Michaela Brezovská (born 1989, birth name Michaela Hlaváčková) is a model from Slovakia. She is a granddaughter of Slovak actor Oldo Hlaváček

Career
In 2004, Brezovská was one of the finalists in the Elite Model Look contest.

In 2006, Brezovská modeled for both Chanel and Givenchy for their haute couture Spring/Summer 2006 collection.

Brezovská has modeled for: Andrew Gn, Calvin Klein, Emanuel Ungaro, Lanvin, Marc Jacobs, Matthew Williamson, Missoni, Prada, Rochas, Stella McCartney, Victoria's Secret, and Viktor & Rolf.

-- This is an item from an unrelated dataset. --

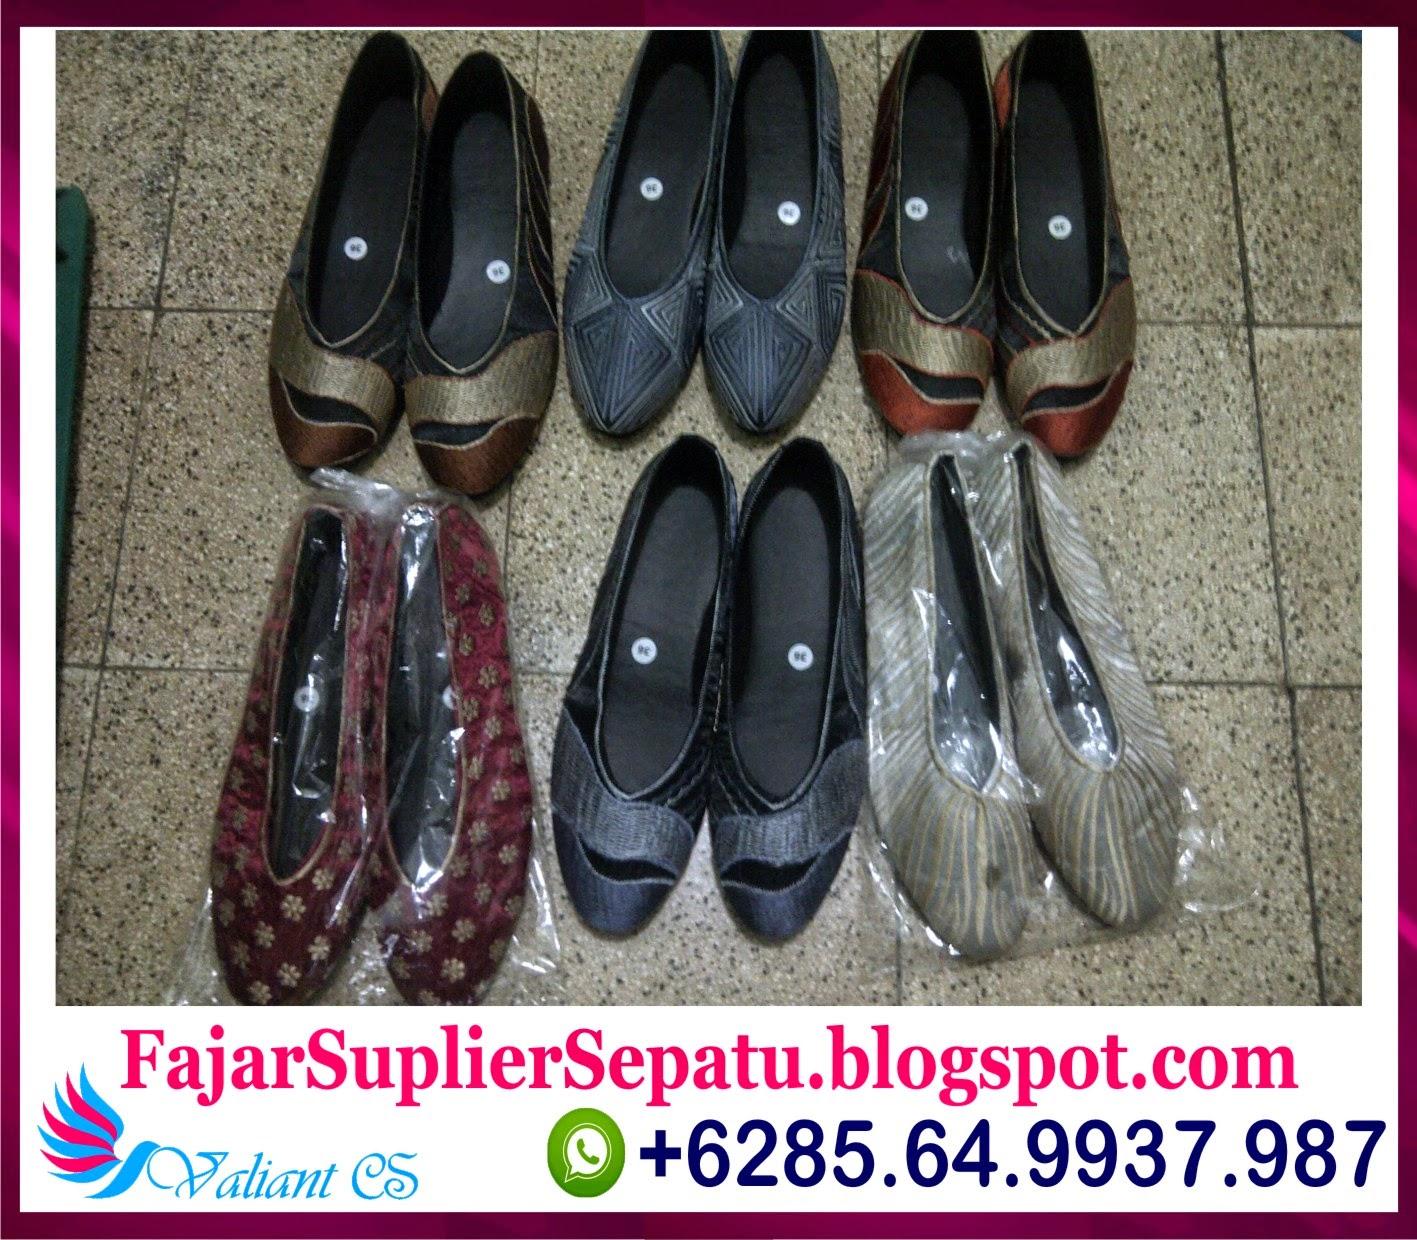 Sepatu Bordir Murah, Jual Sepatu Wanita Ukuran Besar, Model Sepatu Wanita 2014, +62.8564.993.7987
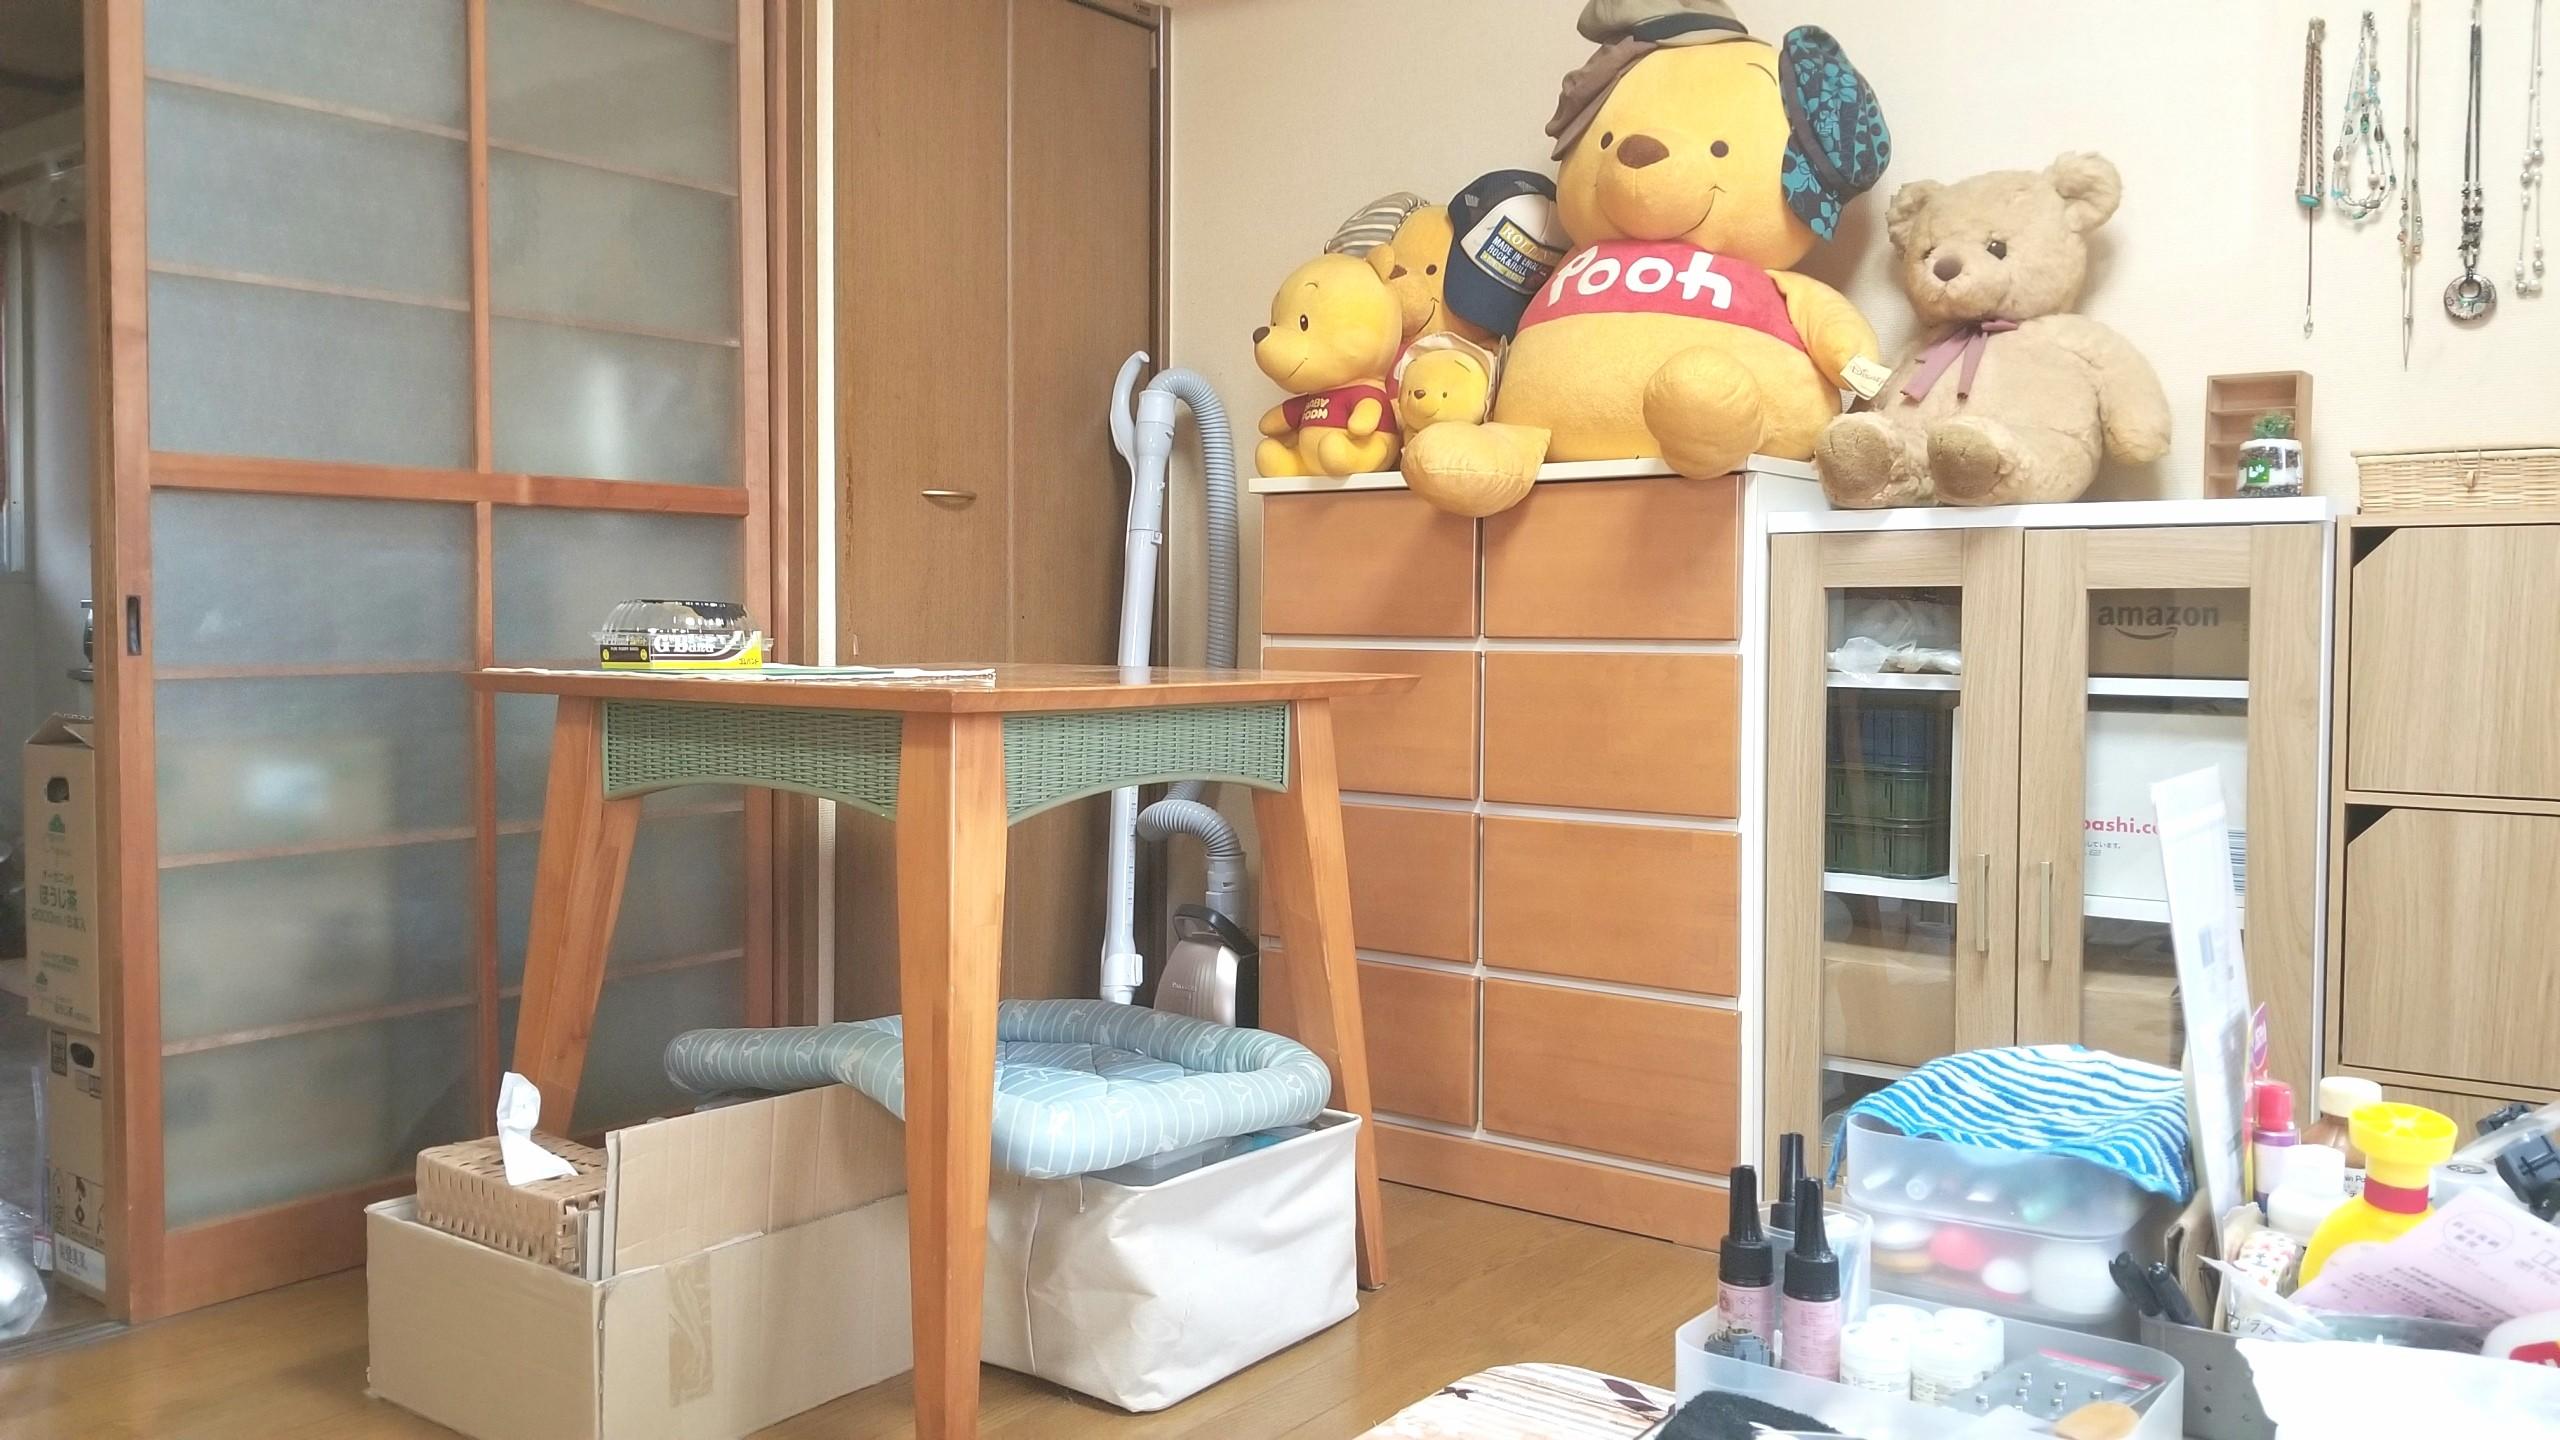 部屋,配置,ぬいぐるみ,女の子一人暮らし,レイアウト,片付け,綺麗

In 2009, it was reported that Brezovská a problem with anorexia.

In 2012, Brezovská modeled for the ready to wear Spring/Summer 2012 collection of Alexandre Herchcovitch, Arise African Fashion Collective, DKNY, Elie Tahari, Gap, Hervé Léger by Max Azria, Jeremy Scott, L'Wren Scott, Nicole Miller, and Ruffian. Also, for the ready to wear Autumn/Winter 2012 collection, Brezovská modeled for Dennis Basso and The Row.

Brezovská is signed to Elite Model Management agency.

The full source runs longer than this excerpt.